Large Language Models (LLMs) are a powerful tool for generating text. They are used to help us study, code, come up with new recipes, and more. However, they are prone to hallucinations; they can generate text that is not factual or relevant to the prompt. Retrieval Augmented Generation (RAG) is a technique that can address this issue by retrieving factual information from external databases. In this article, I will review the main concepts of LLMs and introduce RAG as a way to generate responses based on your own private data.
Foundations of NLP
How do machines understand text? They surely do not understand language in the same way that we do, but they seem to do a pretty convincing job at generating useful output. Focusing on this question will be the theme of this brief overview of Natural Language Processing (NLP), specifically related to Large Language Models.
Tokenization
Tokenization is the process of transforming input text into smaller chunks called tokens. These tokens can be characters, words, phrases, or even whole sentences. The tokens themselves are then represented as numbers in a dictionary. This allows models to move back and forth between the actual text and the tokens they read and generate.
Types of Tokens
- Word Tokenization: Divides text into individual words. It is commonly used for tasks like text classification or sentiment analysis.
- Sentence Tokenization: Splits text into sentences, useful for analyzing document structure.
- Subword Tokenization: Breaks words into smaller units like prefixes or suffixes, which is helpful for handling out-of-vocabulary words.
- Character Tokenization: Segments text into individual characters, beneficial for languages without clear word boundaries.
Figure 1: An example of tokenization using the tokenizer used in gpt-4o.
Tokenizers are trained on a large corpus of data. Frequent subwords or character pairs are identified and merged to create unique tokens. The result is a vocabulary that is tailored for that specific corpus of data, implying that the selection of input documents for training is crucial.

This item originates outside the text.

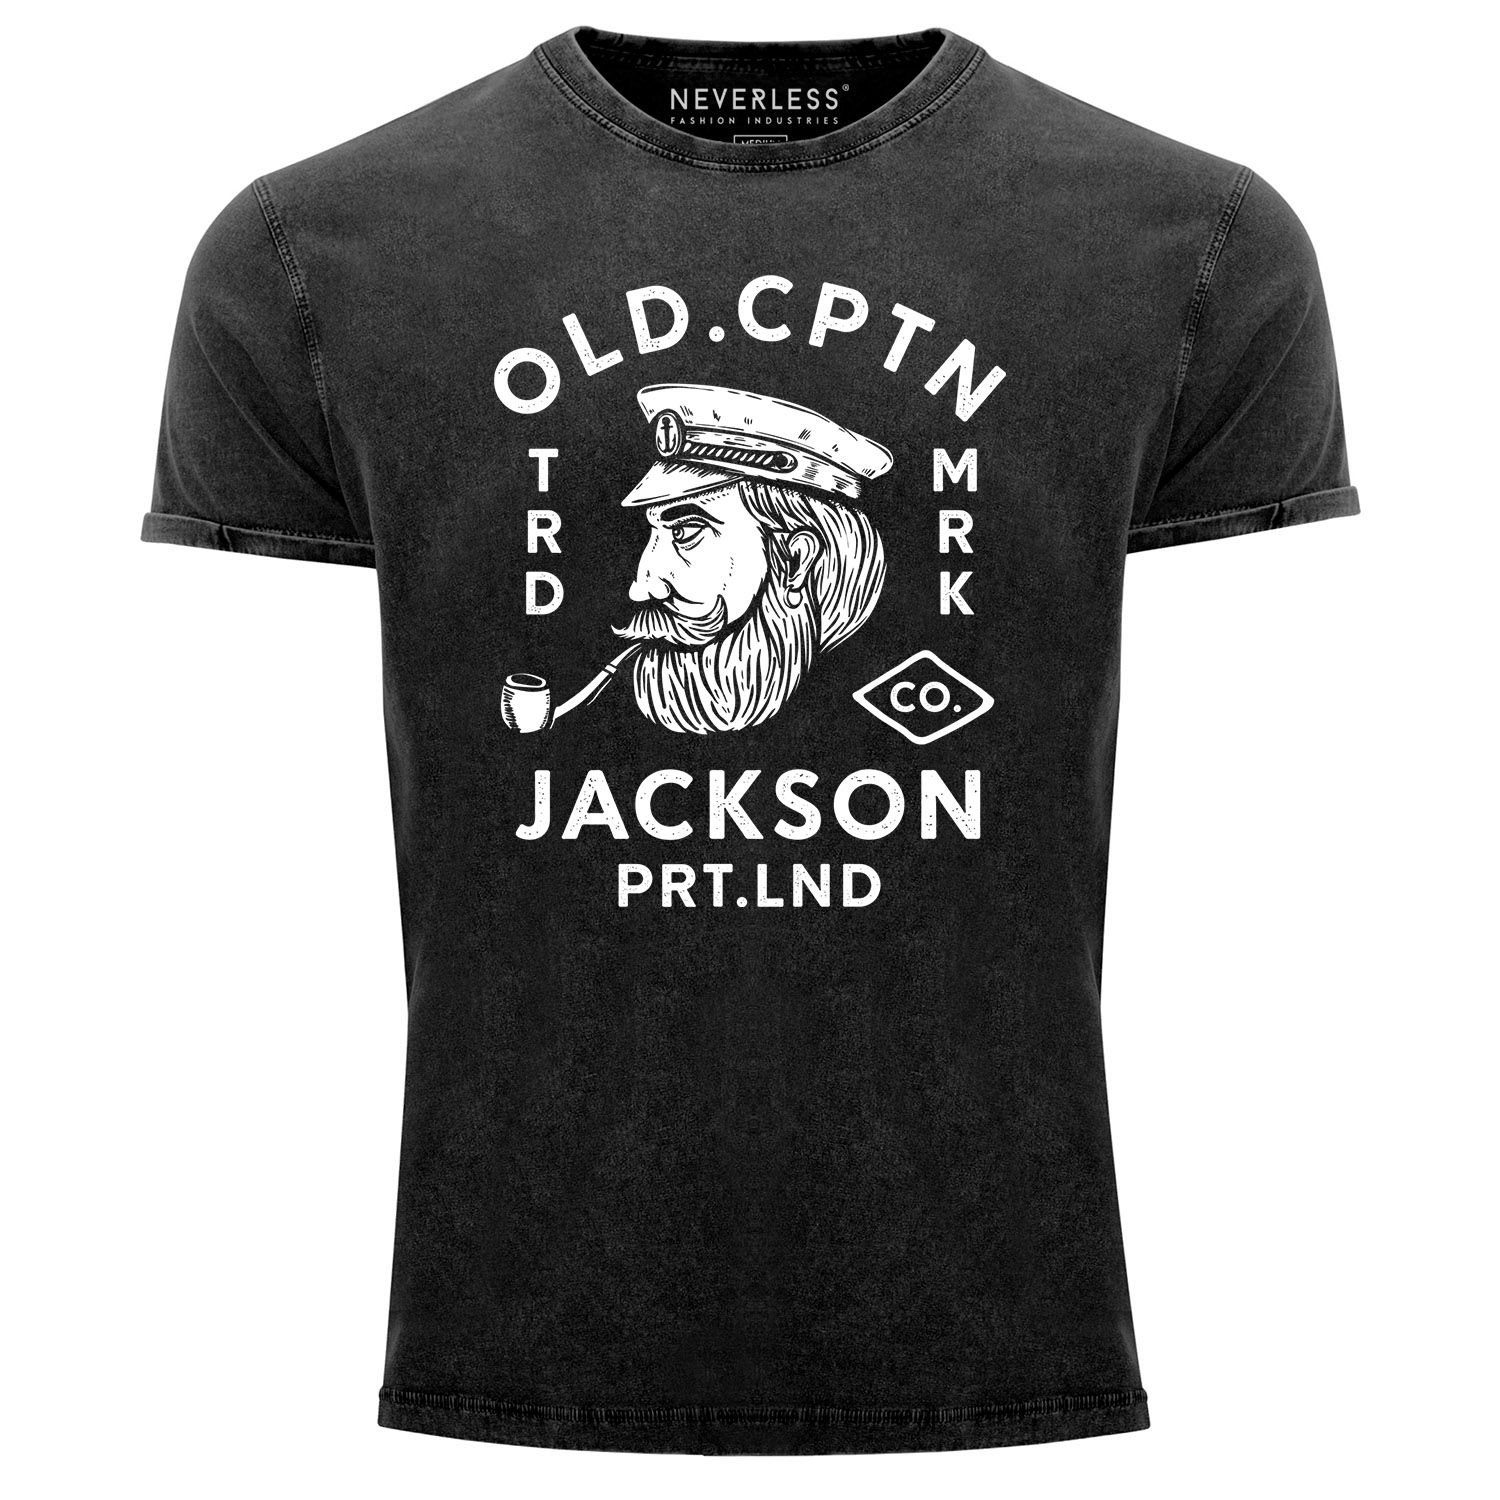 Neverless Print-Shirt Herren Vintage Shirt Kapitän Motiv Aufdruck Old Cptn Jackson Retro Printshirt Used Look Slim Fit Neverless® mit Print schwarz

For example, a tokenizer trained on legal documents may not be the most efficient choice for a model that works primarily with medical documents.

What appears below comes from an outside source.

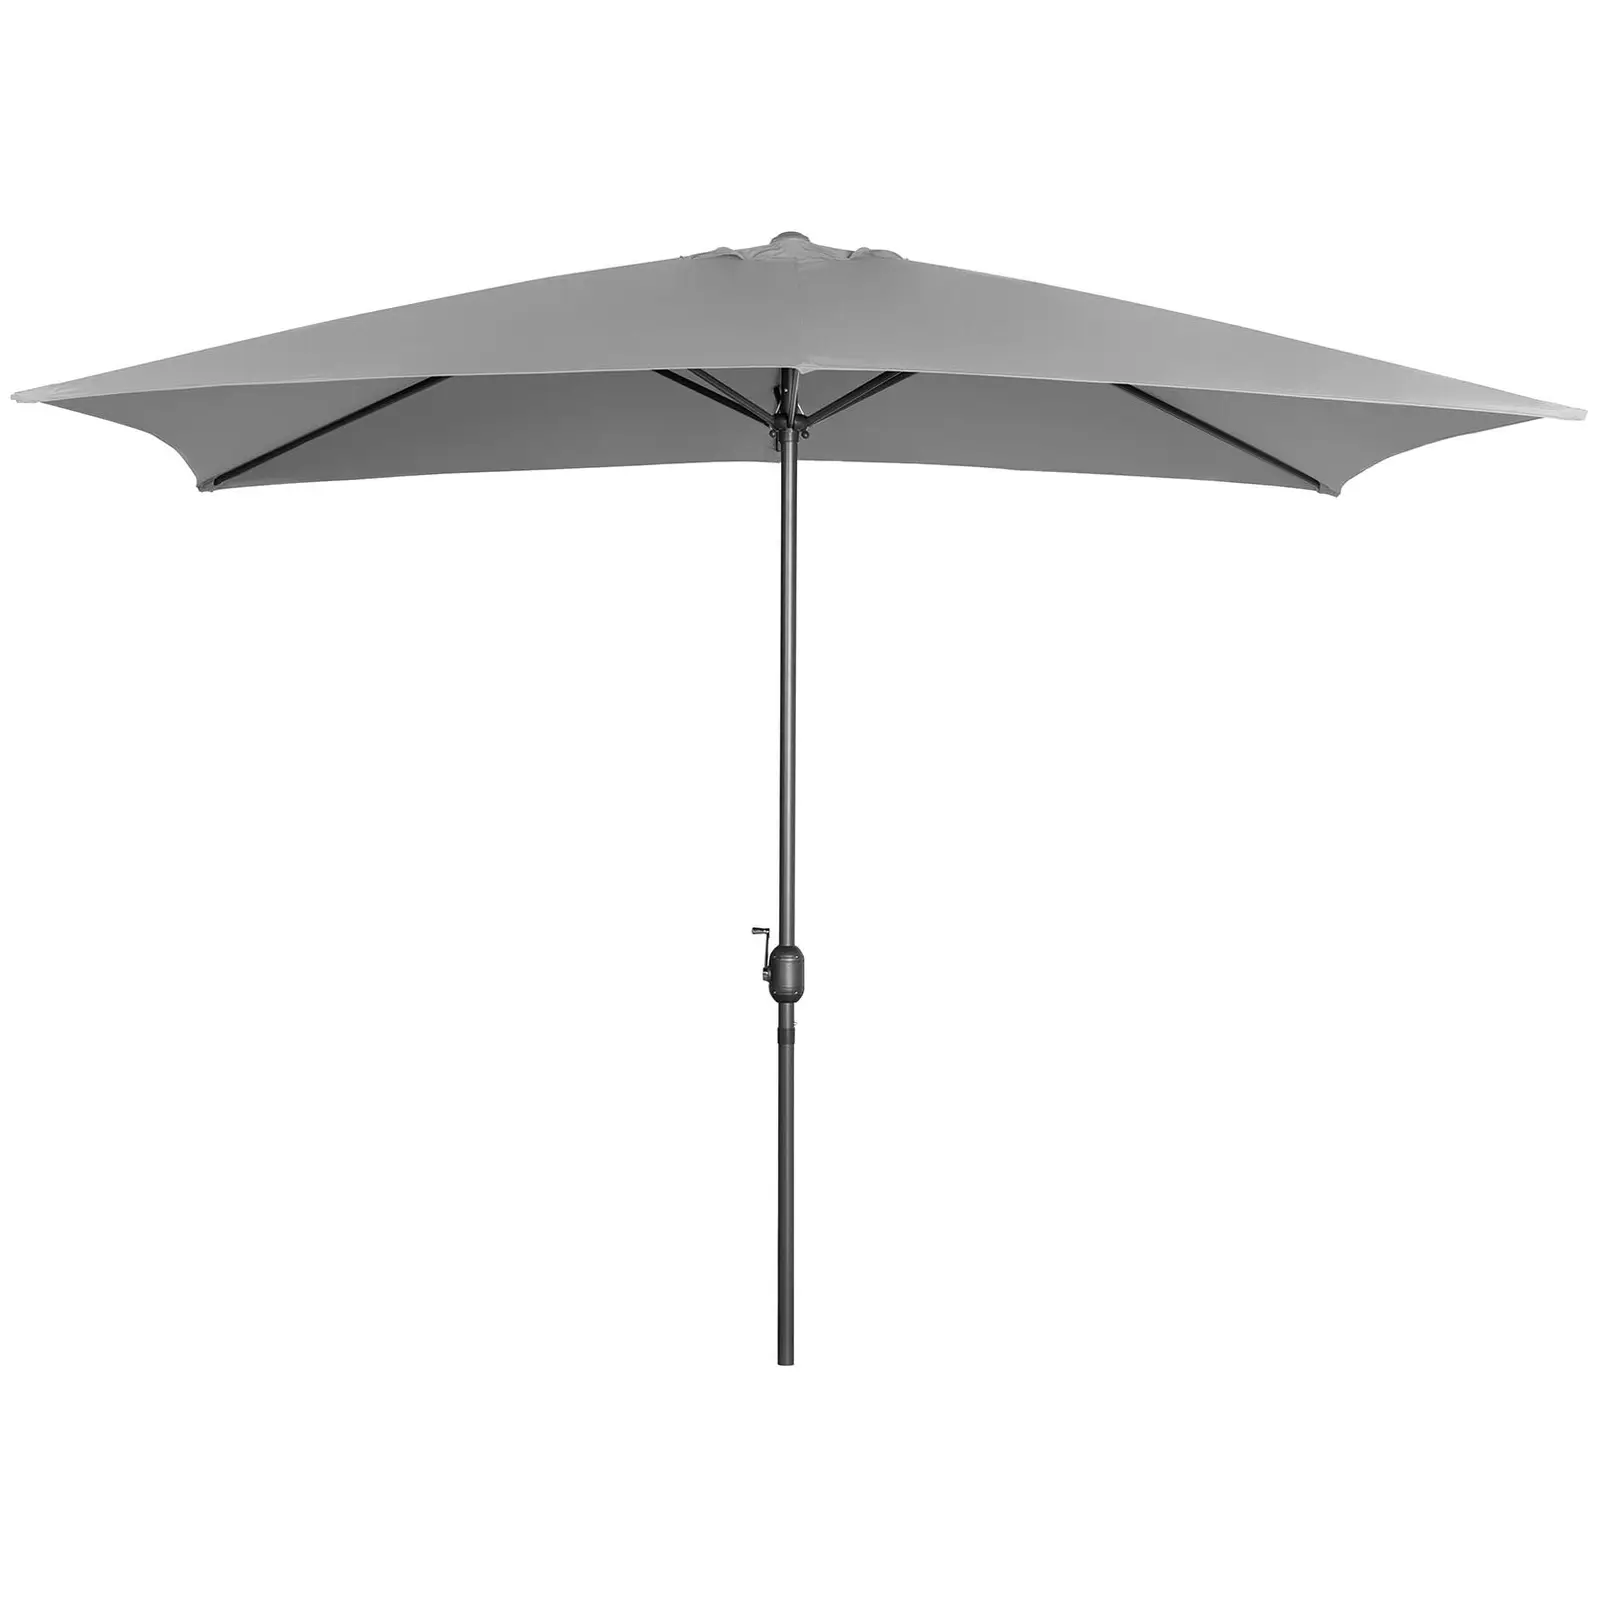 Occasion Grand parasol - Gris foncé - Rectangulaire - 200 x 300 cm

The choice of tokenizer is dependent on more than just the task. There are also language considerations. For a live demonstration of tokenization, check out tiktokenizer.
Embeddings
With a tokenizer at hand, the next step is to analyze the tokens and learn from them. Specifically, relationships between the tokens are learned through embeddings. Embeddings are numerical representations of tokens that capture the semantic meaning of the text. They are essential for training models to understand and generate text.
Embeddings are learned during the training process of a model, where the model aims to capture the semantic relationships and contextual nuances of tokens. For those familiar with gradient descent, embeddings are optimized to minimize the loss function of the model. This loss function effectively drives the model to learn the best possible embeddings for the task at hand.
Once the embeddings are learned, the embedding layer can then be used to transform our input into a high-dimensional vector space in which the model can operate. This further allows the model to make predictions based on the relationships between the tokens.
Architecture of Language Models
Encoders and Decoders
Language models consist of an encoder, a decoder, or sometimes both. The exact architecture is dependent on the task. Understand the roles that each one plays makes it easier to determine which model is best suited for a given task.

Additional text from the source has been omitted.